KLF14/miR-1283/TFAP2C axis inhibits HER2-positive breast cancer progression via declining tumor cell proliferation

MiR-1283 has been identified as a tumor suppressor in some malignancies. Whereas, the role of miR-1283 in HER2-positive (HER2+) breast cancer, particularly its role in regulating cell proliferation, one of the most significant features of tumor progression, is unclear. The related microRNA screened by the breast cancer sample GSE131599 dataset were detected in HER2+ breast cancer tissues and cell lines.
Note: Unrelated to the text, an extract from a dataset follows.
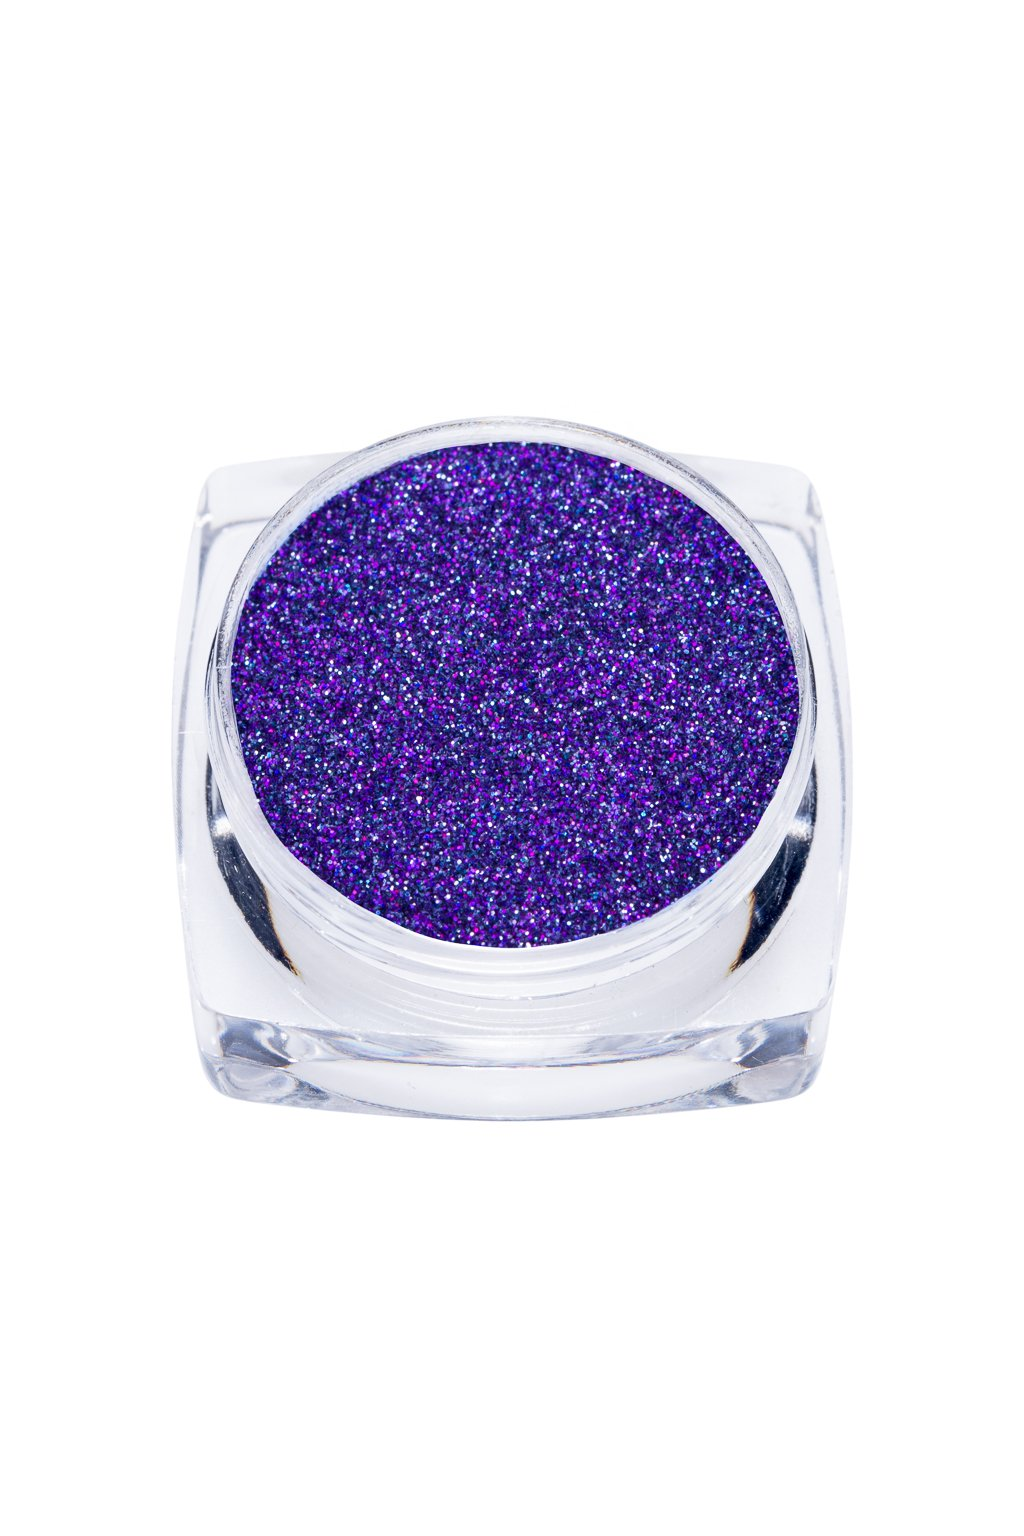 23594 sparkling mix universe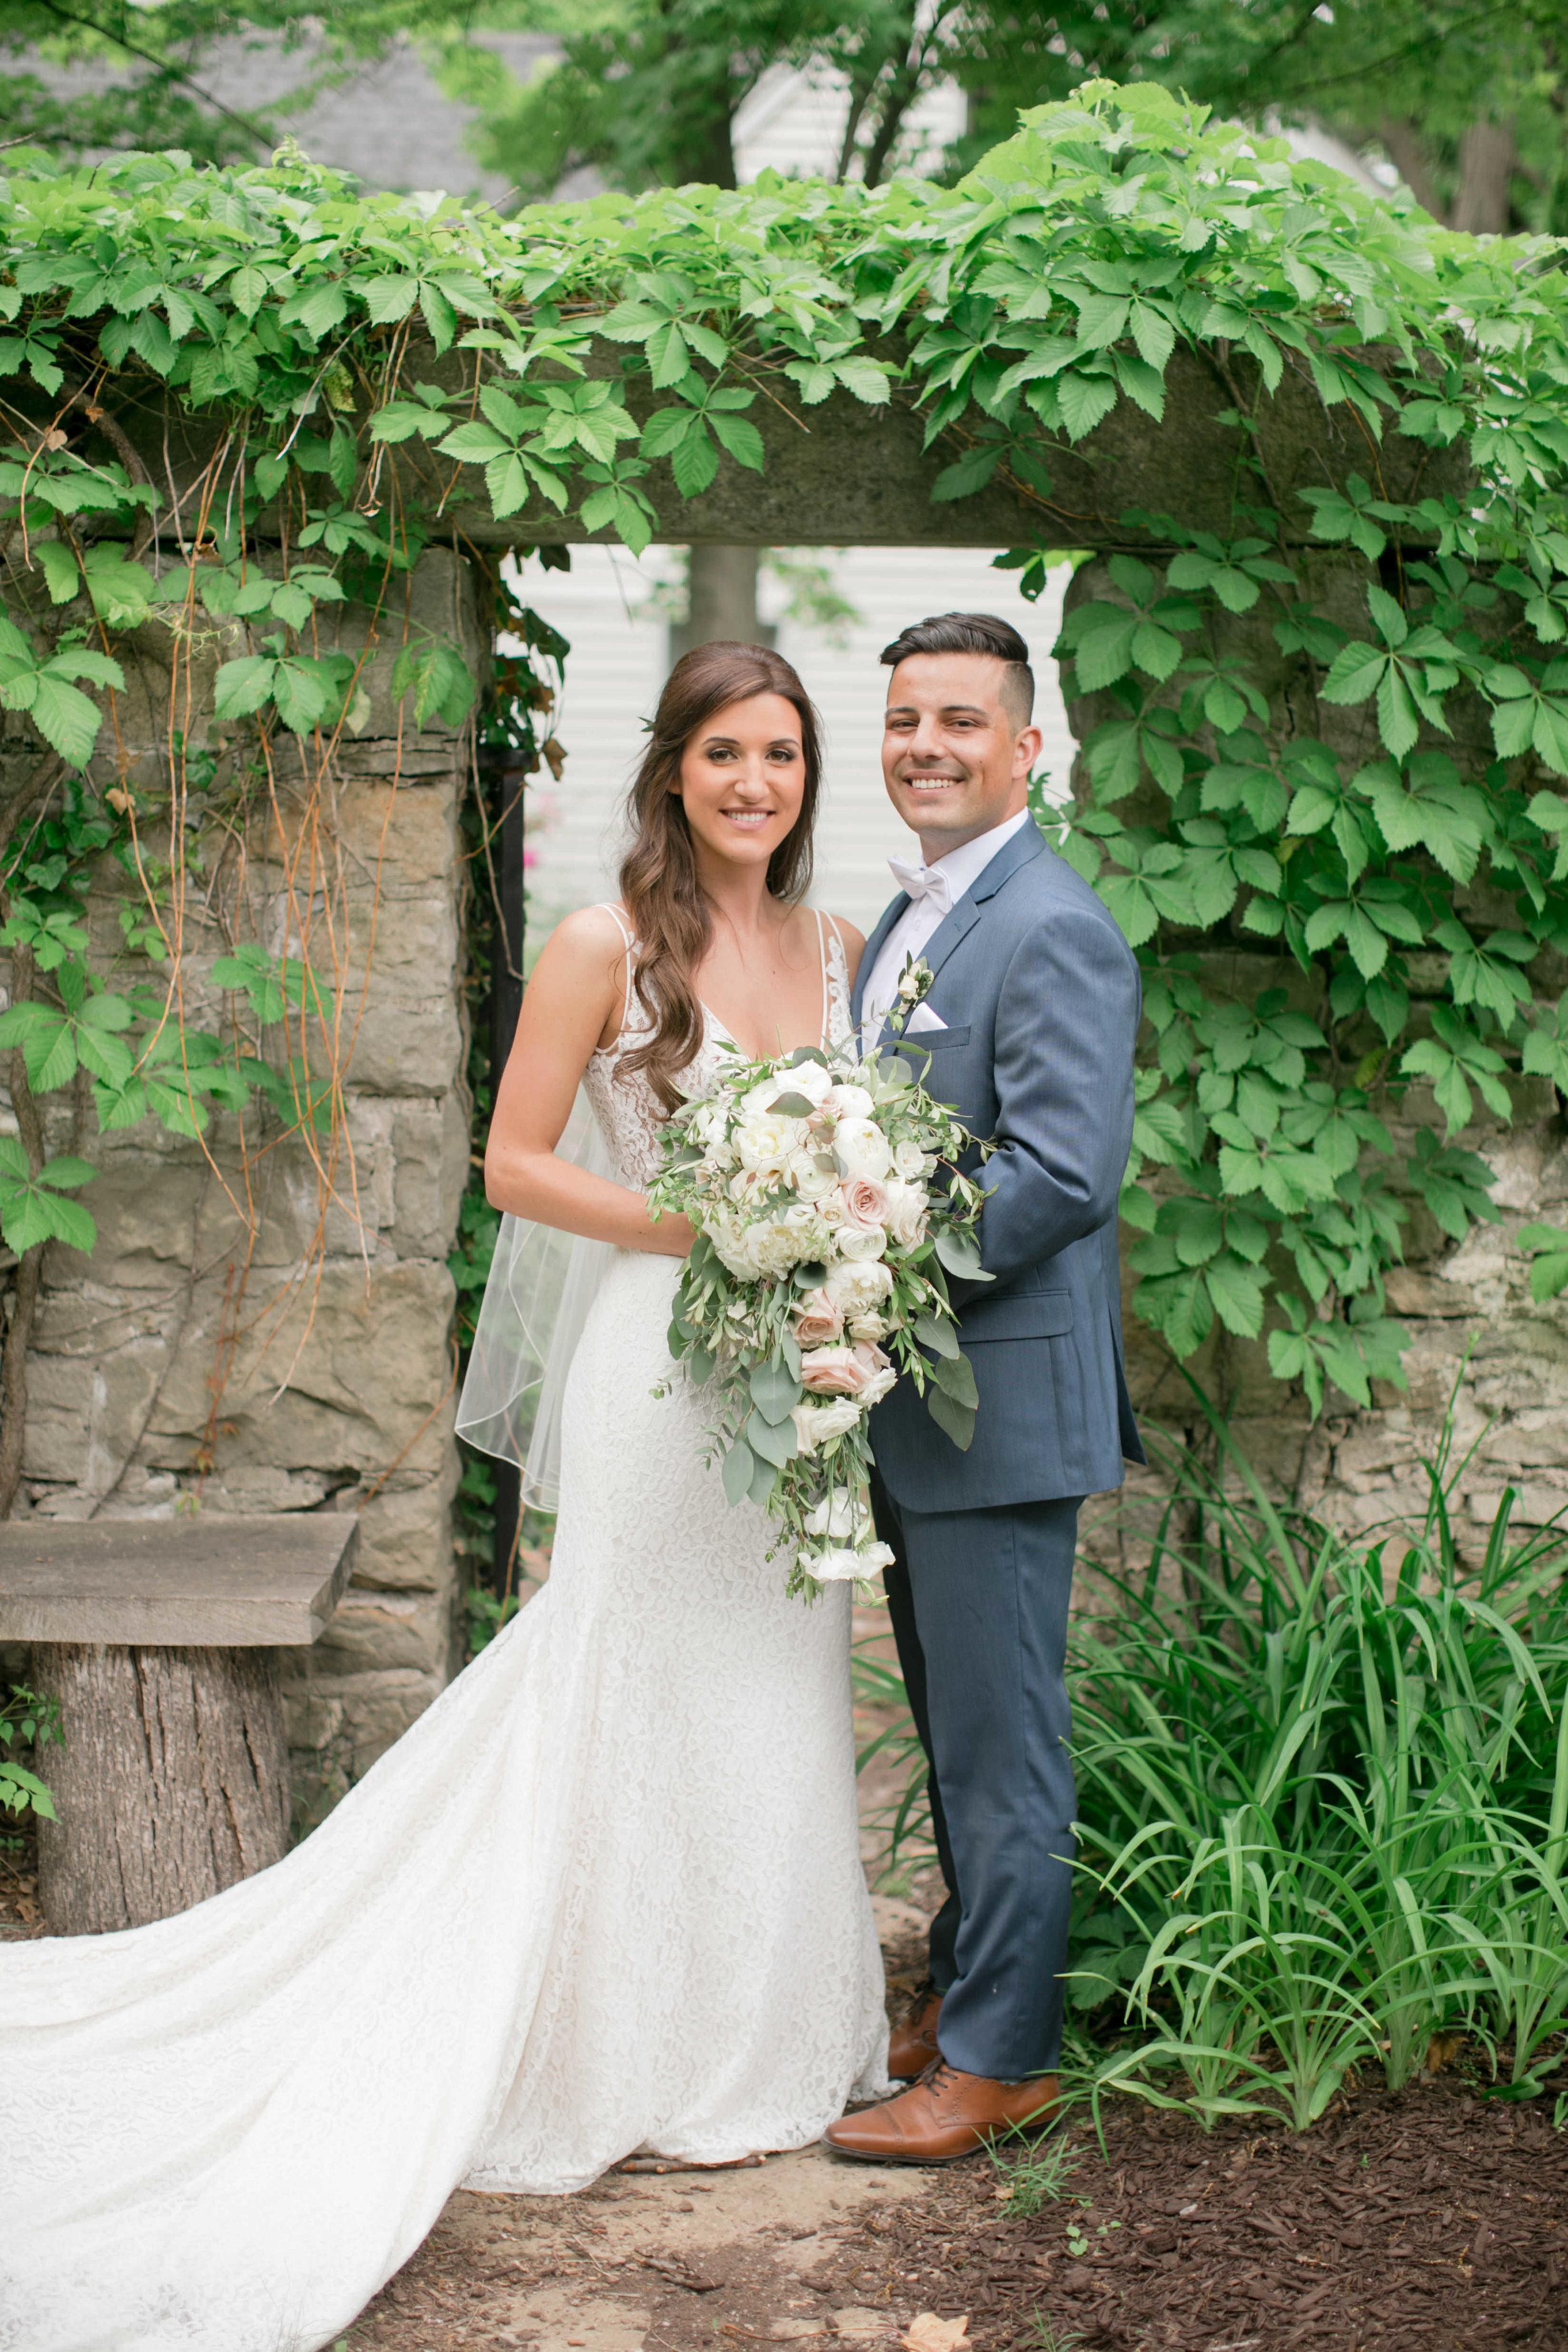 Miranda___Daniel___Daniel_Ricci_Weddings___High_Res._Finals_415.jpg

Then, the obtained miR-1283 was overexpressed in SKBR3 and BT-474 cells followed by relevant functional assays concerning cell proliferation and apoptosis. The xenograft mouse model was induced and the effect of miR-1283 on tumor growth and cell proliferation was examined. The target of miR-1283 and the transcription factor regulating miR-1283 were predicted and identified. Finally, the influence of transcription factor KLF14 on cell proliferation and apoptosis was investigated. An integrated analysis confirmed that miR-1283 expression was significantly decreased in HER2+ breast cancer tissues. Also, by q-RT-PCR detection, miR-1283 expression was markedly reduced in HER2+ breast cancer tissues and cell lines. The miR-1283 overexpression prevented the proliferation and enhanced apoptosis of HER2+ breast cancer cells, as well as inhibited tumor growth. Mechanistically, miR-1283 inhibited TFAP2C expression by targeting the 3 '-untranslated regions of TFAP2C messenger RNA, and the KLF14 enhanced miR-1283 level via binding to its promoter. The result subsequently confirmed the KLF14/miR-1283 signaling suppressed cell proliferation in HER2+ breast cancer. Our results suggested that the KLF14/miR-1283/TFAP2C axis inhibited HER2+ breast cancer progression, which might provide novel insight into mechanical exploration for this disease.

Automated summary

MiR-1283 acts as a tumor suppressor in HER2-positive breast cancer by regulating cell proliferation through targeting TFAP2C and being regulated by KLF14. These findings provide novel insights into the mechanistic exploration of breast cancer.